Ezra Klein is puzzled. On the one hand, she wants a lower price tag. On the other hand, she wants more generous subsidies.
I think what Olympia Snowe wants is not to vote for an unpopular health care bill that pisses off her constituents. She's already the Republican who enabled the stimulus. If she does this, she's going to have to leave the party. The electoral history of Lieberman, Jeffords, and Specter does not indicate that leaving your party for the other side is the gateway to an exciting and rewarding electoral career. If she leaves the party and Republicans regain the Senate, they will take their revenge.
Maine has had an unpleasant recent experience with guaranteed issue and community rating. It's a high cost state even for employer based insurance, which means that more of its citizens are likely to get hit with the excise tax on "Cadillac coverage" that seems to be on the table.

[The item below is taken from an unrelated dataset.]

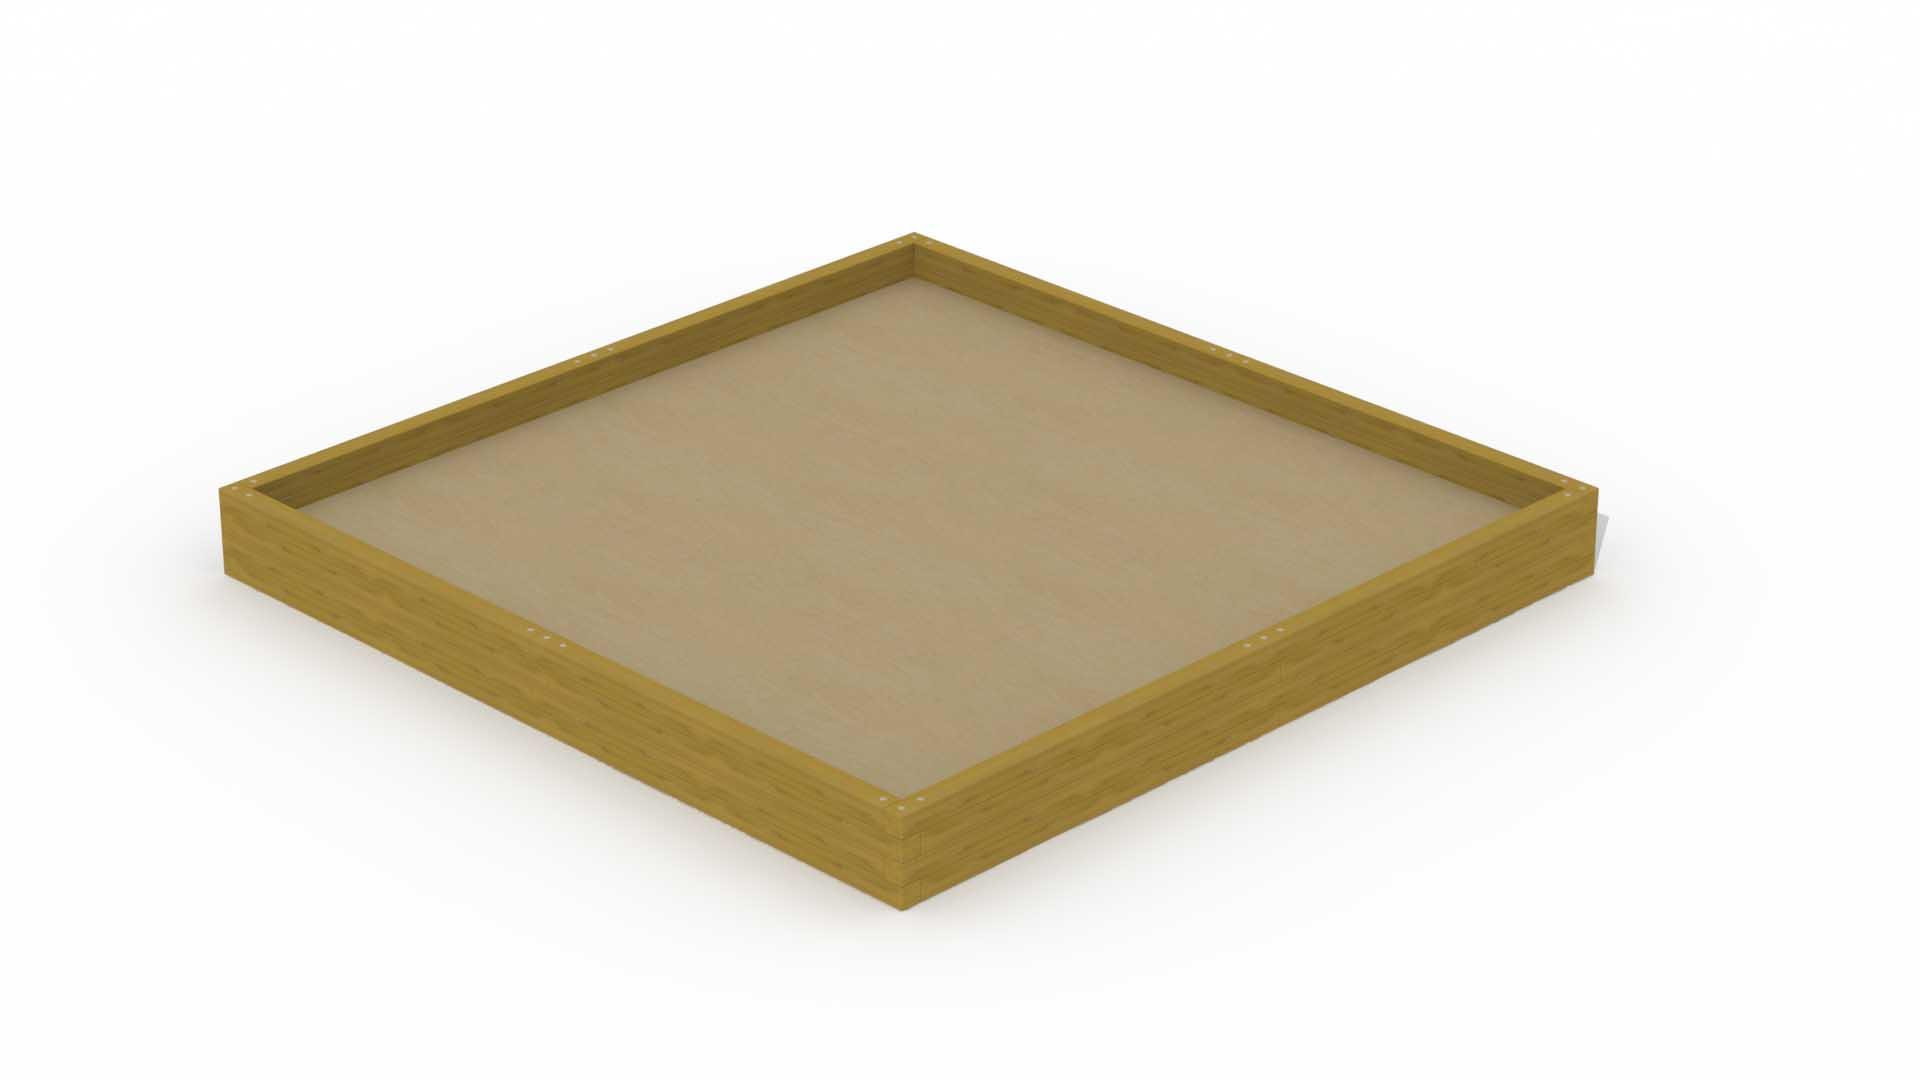 Beam Sandbox (3,6 X 3,6 M)

The problem is that what she wants--a cheap bill that doesn't either force a bunch of people to buy coverage they can't afford, or leave a bunch of people uninsured--is not possible. I assume that she actually knows this. So her public dithering means one of two things: she has decided to break with her party, and she wants to signal how difficult this decision is; or she has decided to torpedo the hope of busting a filibuster, and wants to signal to her Democratic constituents that she was forced to it by a bad plan. Which is it? Only God and Olympia Snowe know.
I will say that she must know that time is not the friend of the Democrats on the issue. The longer this drags out, the more opportunity there is for something to go wrong. Every time the Republicans force them to take some bad-sounding provision out of the bill, public trust erodes. So the longer she dithers, the less helpful she is to the Democrats. She may be hoping that if she holds out long enough, the Democrats will break ranks and she won't have to make a painful choice. This does not seem very likely to me. But what does it cost her to try?